These are but a few of the shops I can recommend. I assume you'll be driving down the CA coast... you'll also drive past Soquell, Santa Cruz, Watsonville... I'm sure they have yarn shops as well. 

Santa Barbara is wonderful to visit. I wasn't knitting when my daughter attended the University, so I can't recommend. However, I do know they have yarns shops: Loop and Leaf, Santa Barbara Knitting Studio and Cardigans. The city is quite a town; has something for everyone; I'm sure you won't be disappointed with their yarns. 

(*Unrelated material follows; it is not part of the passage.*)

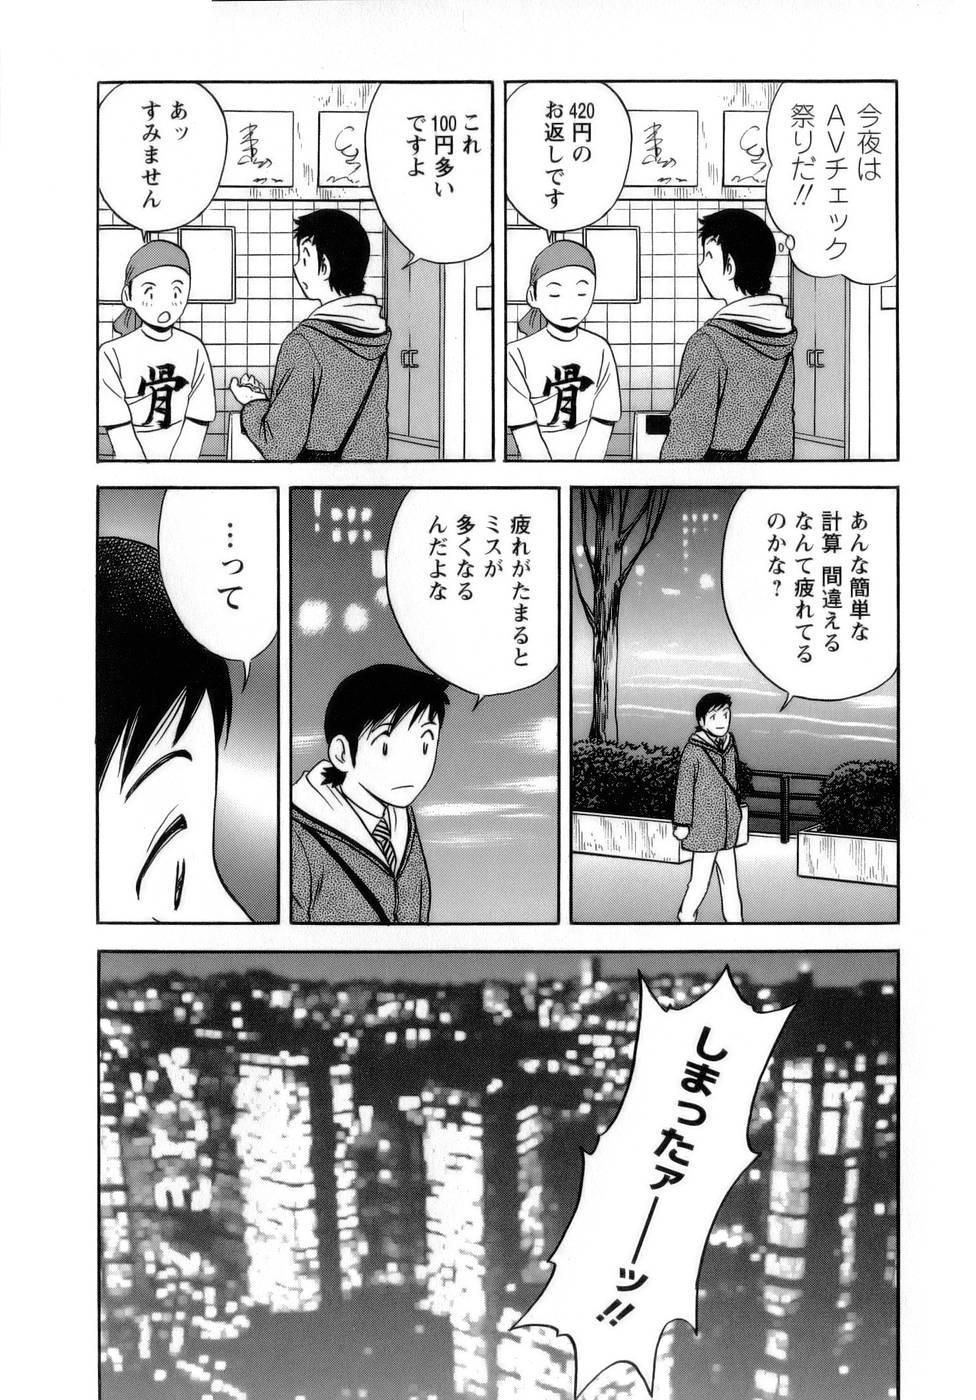 [Hidemaru] Mo-Retsu! Boin Sensei (Boing Boing Teacher) Vol.1 77

What a fabulous trip you will be undertaking. Have fun!!


----------



## Goldengate (Jan 30, 2013)

In San Francisco, I would recommend Atelier Yarns, 1945 Divisadero St. Near California St. 415/771-1550

Across the bay in Alameda, I like Needle in a Haystack, 1734 Clement Ave.. 510/522-0404. Toll free - 877/429-7822


----------



## Marly (Dec 5, 2012)

kniturassoff said:


> Hi Charleen, I live in Victoria. We have Beehive on Douglas st which has a great variety of yarns but is expensive. My favorite yarnshop is on estevan in oak bay. It has an ongoing sidewalk sale this time of year. Also, if your in mill bay, whippletree junction along the main highway has 2 great yarnshops, one has 20% off in August and the other has local homespun. Happy cruising


What is the name of the one on Estevan in Oak Bay? thanks.


----------



## Marly (Dec 5, 2012)

CharleenR said:


> It would be nice to be a road trip, haven't done that in a long time. This trip happens to be a cruise that starts in Vancouver and ends in Los Angeles (where I live, why I didn't include that in the cities we are visiting. We will have a couple of extra days before things start in Vancouver.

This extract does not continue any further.